> Work order: The reply should reproduce every line of the data below word for word, minus any images.

**** Data for processing

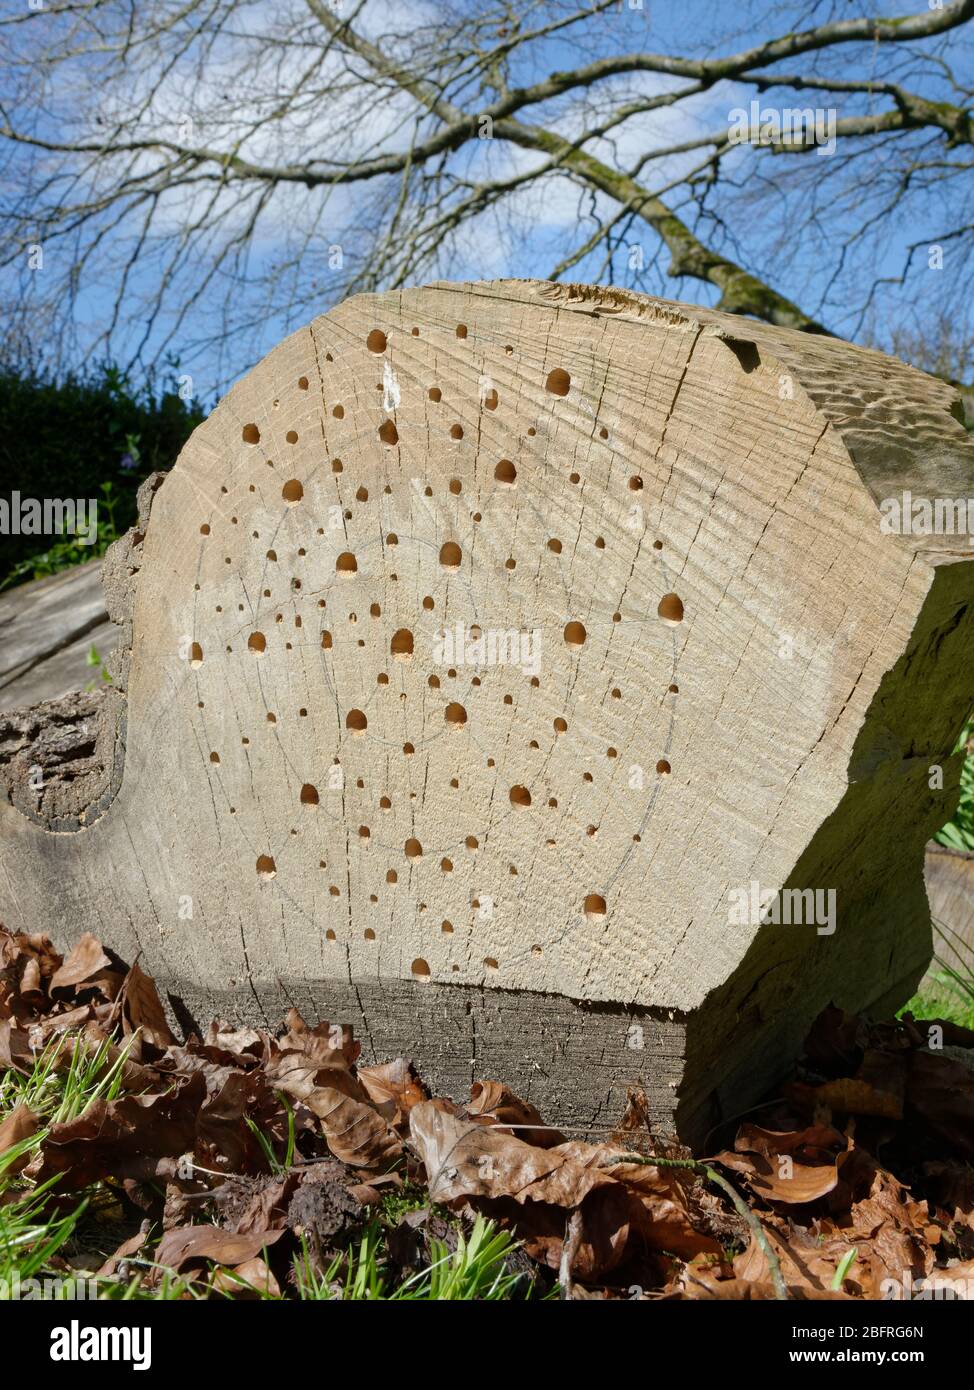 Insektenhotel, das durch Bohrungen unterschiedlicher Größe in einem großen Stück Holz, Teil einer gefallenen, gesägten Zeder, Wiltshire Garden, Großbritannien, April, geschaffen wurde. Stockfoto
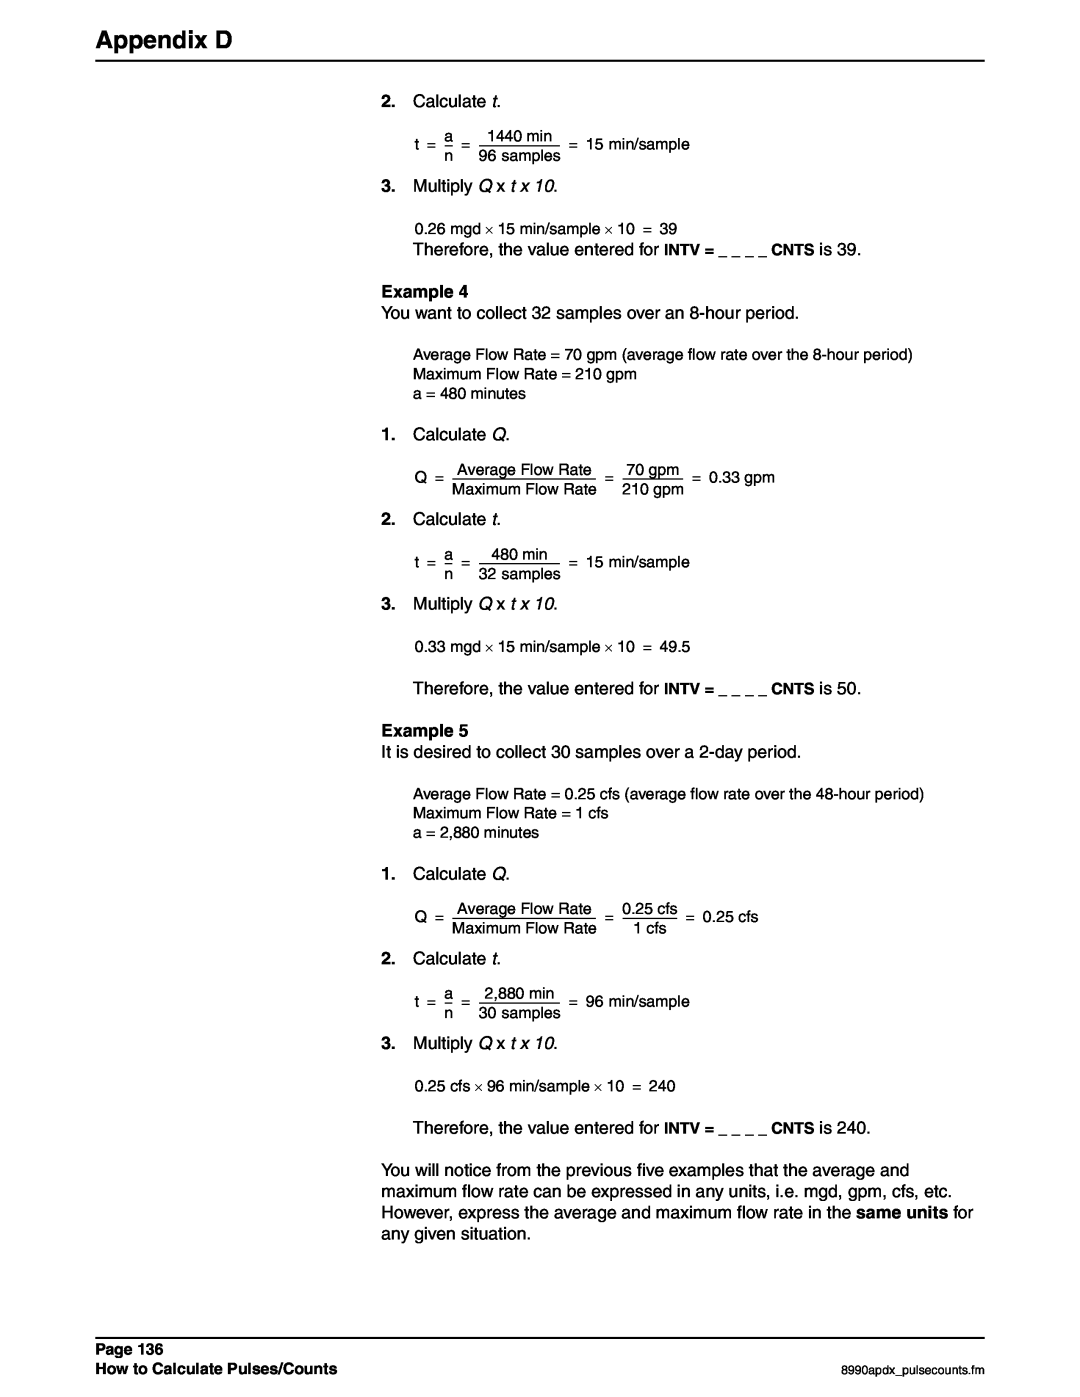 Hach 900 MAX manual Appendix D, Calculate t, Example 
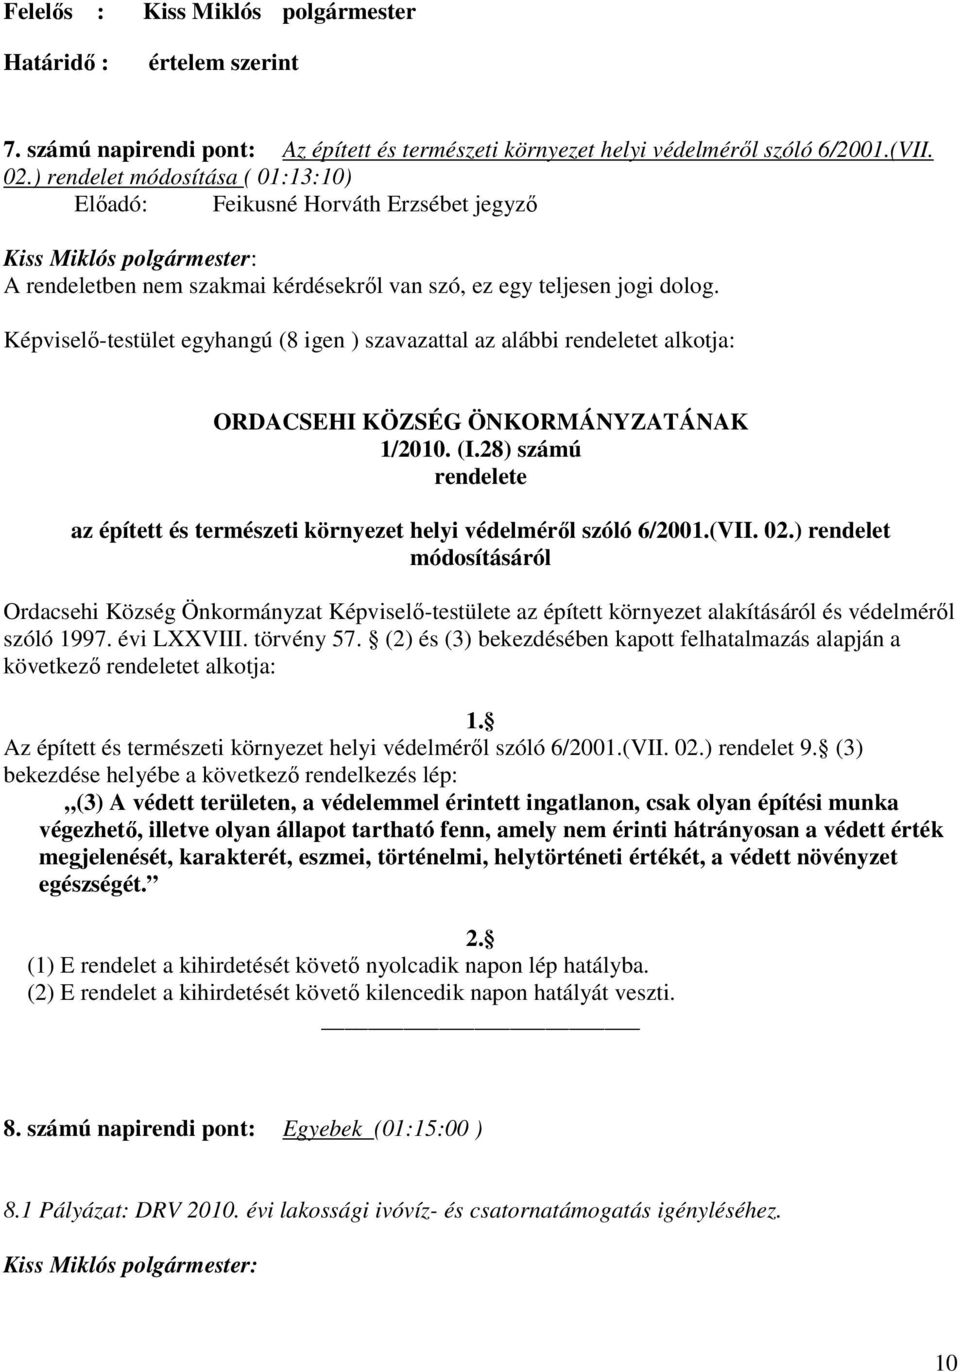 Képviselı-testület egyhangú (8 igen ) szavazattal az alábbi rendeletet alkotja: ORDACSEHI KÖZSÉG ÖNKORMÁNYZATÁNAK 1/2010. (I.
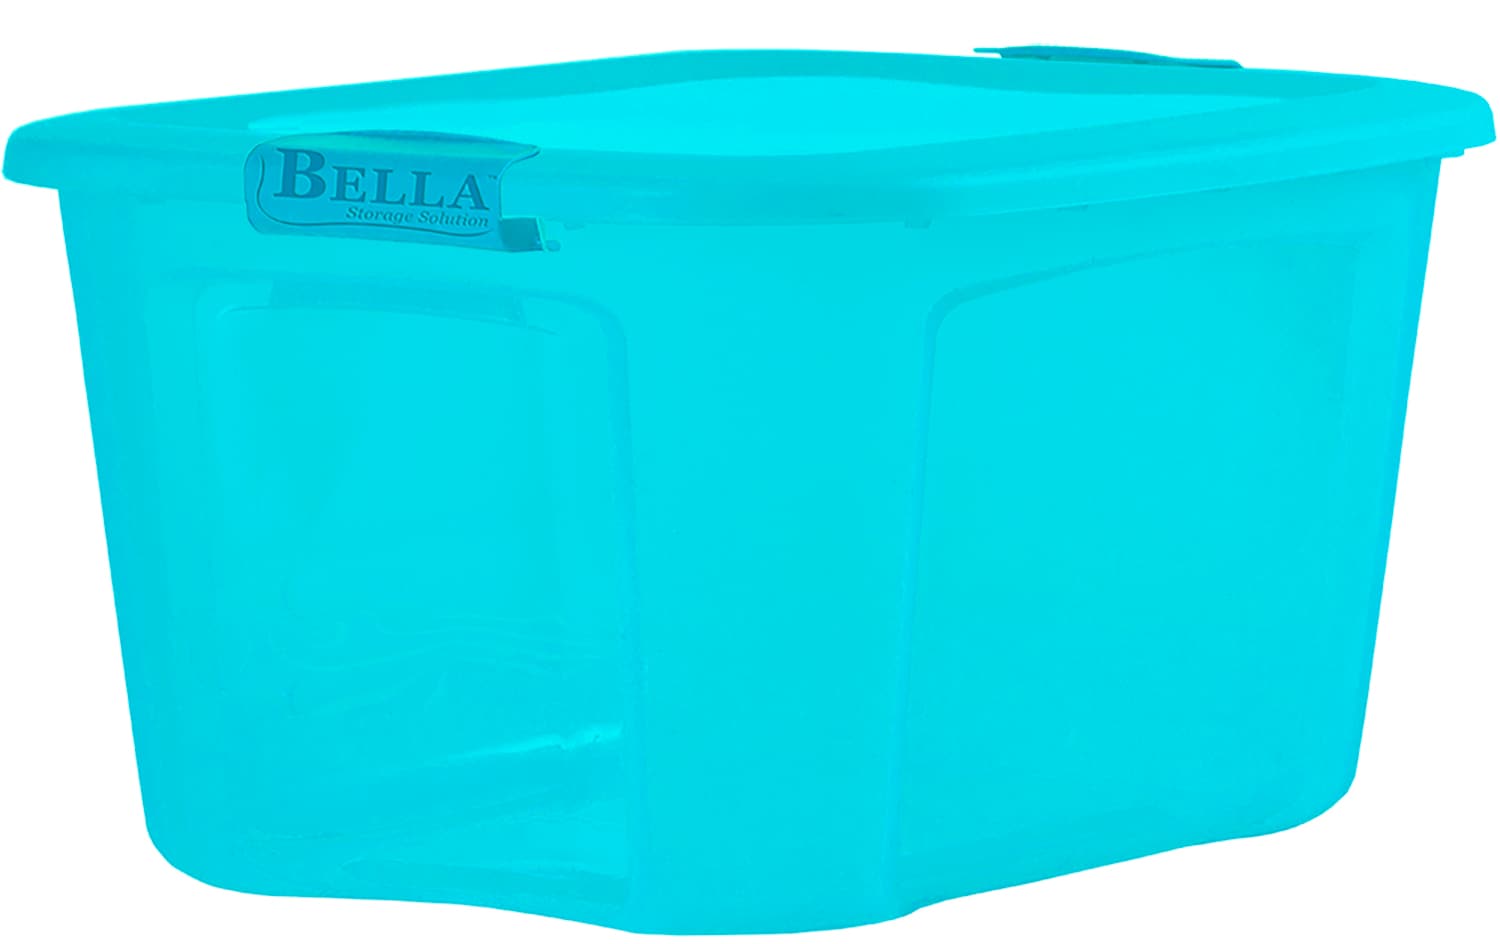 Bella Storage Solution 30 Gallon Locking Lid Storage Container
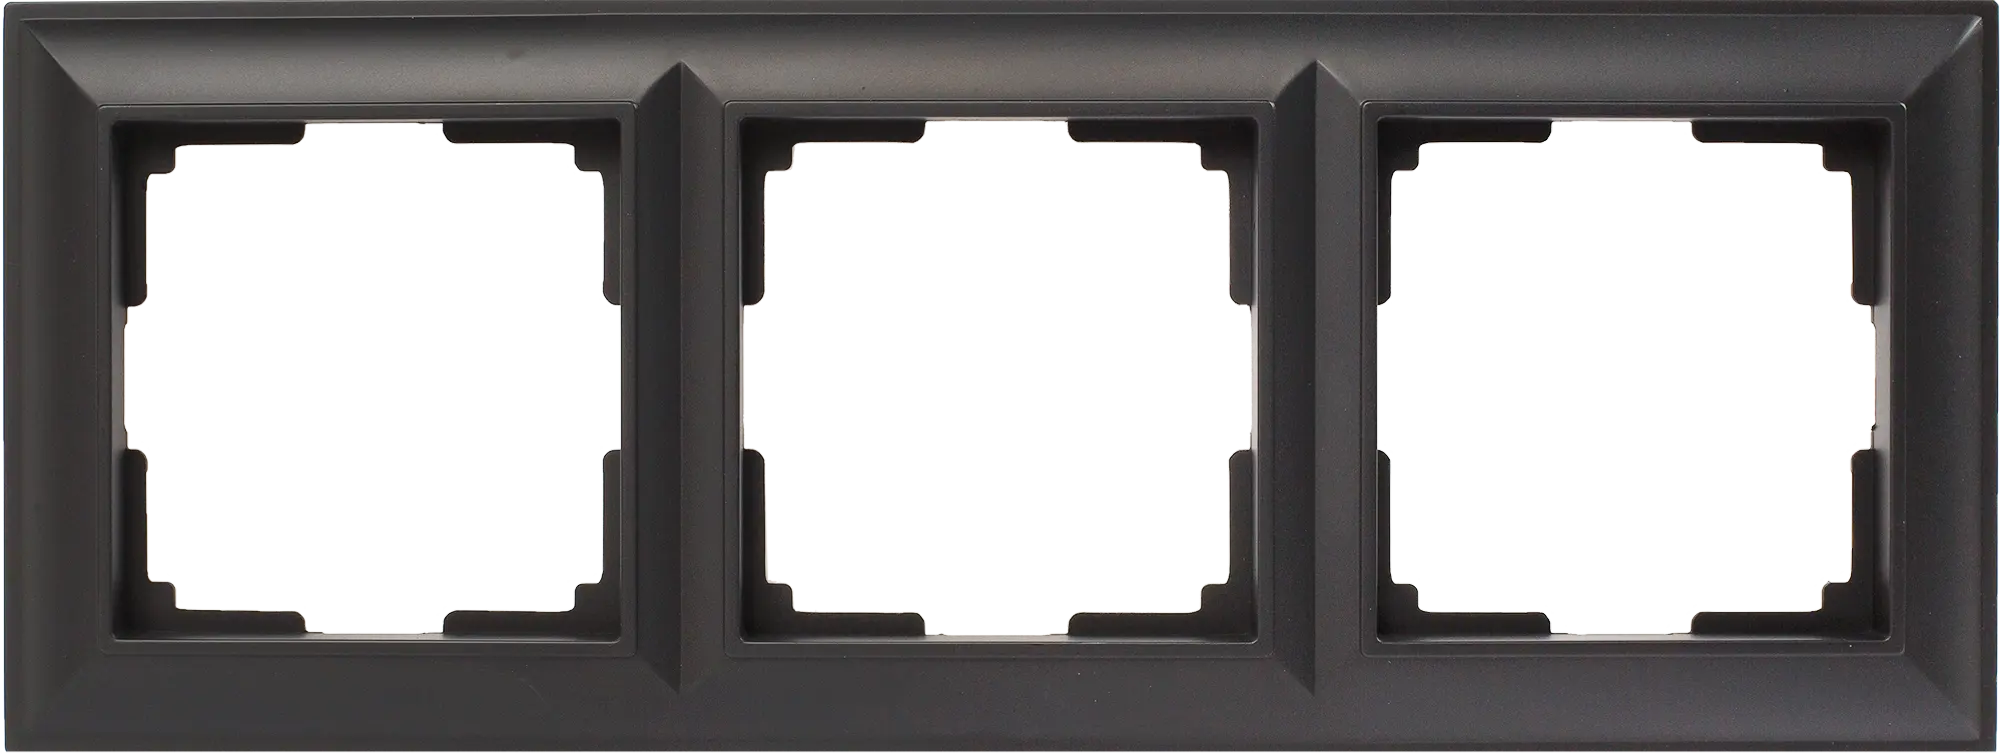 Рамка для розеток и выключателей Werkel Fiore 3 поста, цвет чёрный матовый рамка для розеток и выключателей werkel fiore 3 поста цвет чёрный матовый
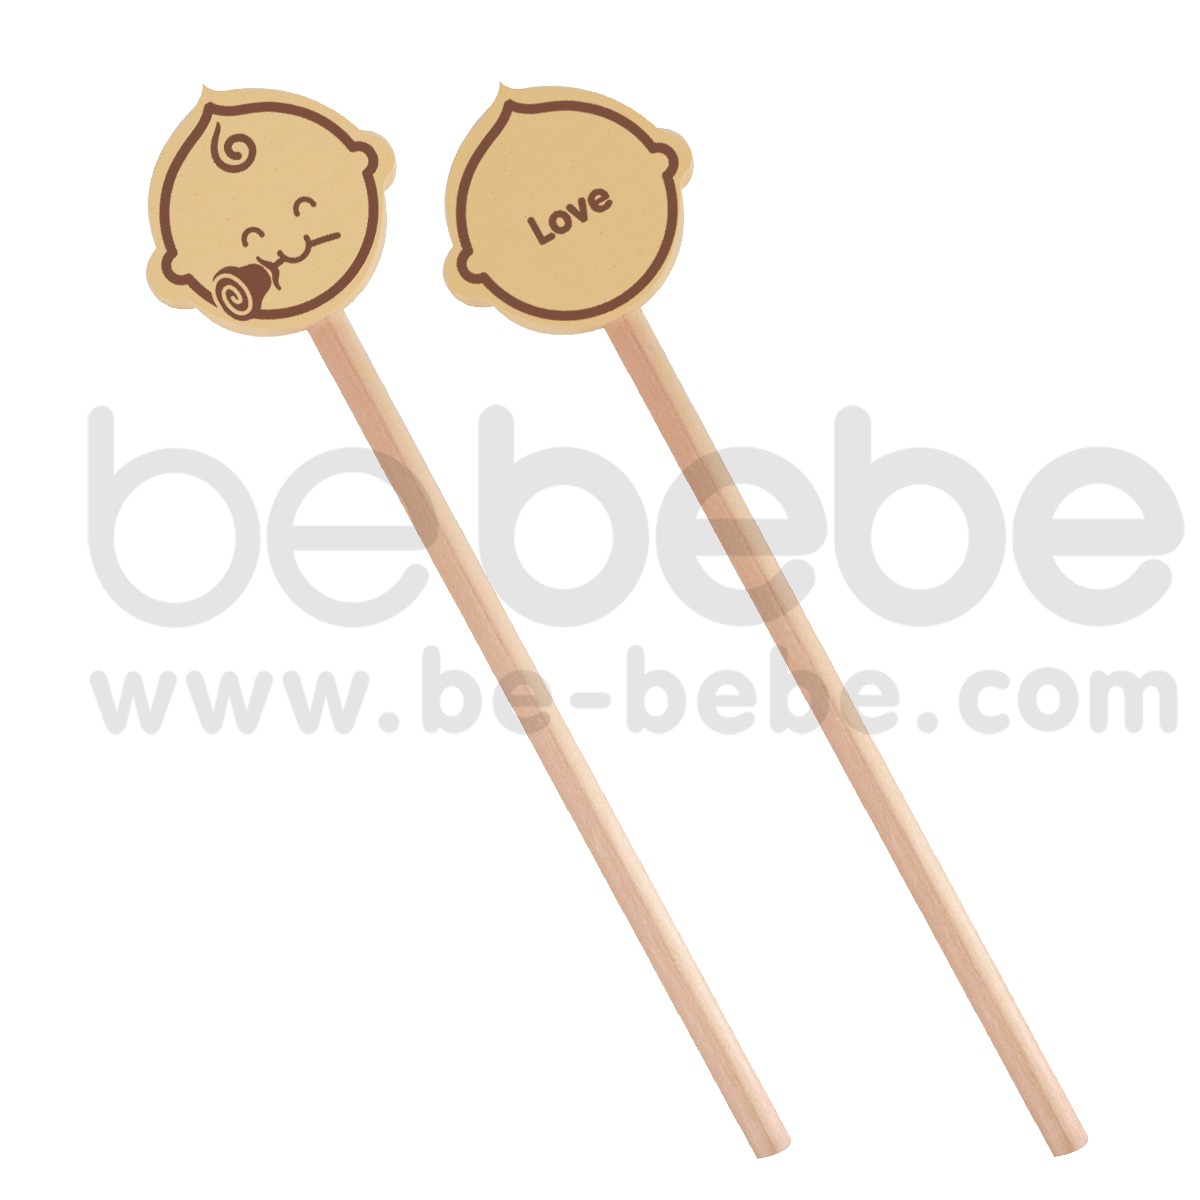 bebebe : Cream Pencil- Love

********

> Solution to the problem:
 Insektenhotel, das durch Bohrungen unterschiedlicher Größe in einem großen Stück Holz, Teil einer gefallenen, gesägten Zeder, Wiltshire Garden, Großbritannien, April, geschaffen wurde. Stockfoto
 Hach 900 MAX manual Appendix D, Calculate t, Example 
 Képviselı-testület egyhangú (8 igen ) szavazattal az alábbi rendeletet alkotja: ORDACSEHI KÖZSÉG ÖNKORMÁNYZATÁNAK 1/2010. (I.
 Bella Storage Solution 30 Gallon Locking Lid Storage Container
 Рамка для розеток и выключателей Werkel Fiore 3 поста, цвет чёрный матовый рамка для розеток и выключателей werkel fiore 3 поста цвет чёрный матовый
 bebebe : Cream Pencil- Love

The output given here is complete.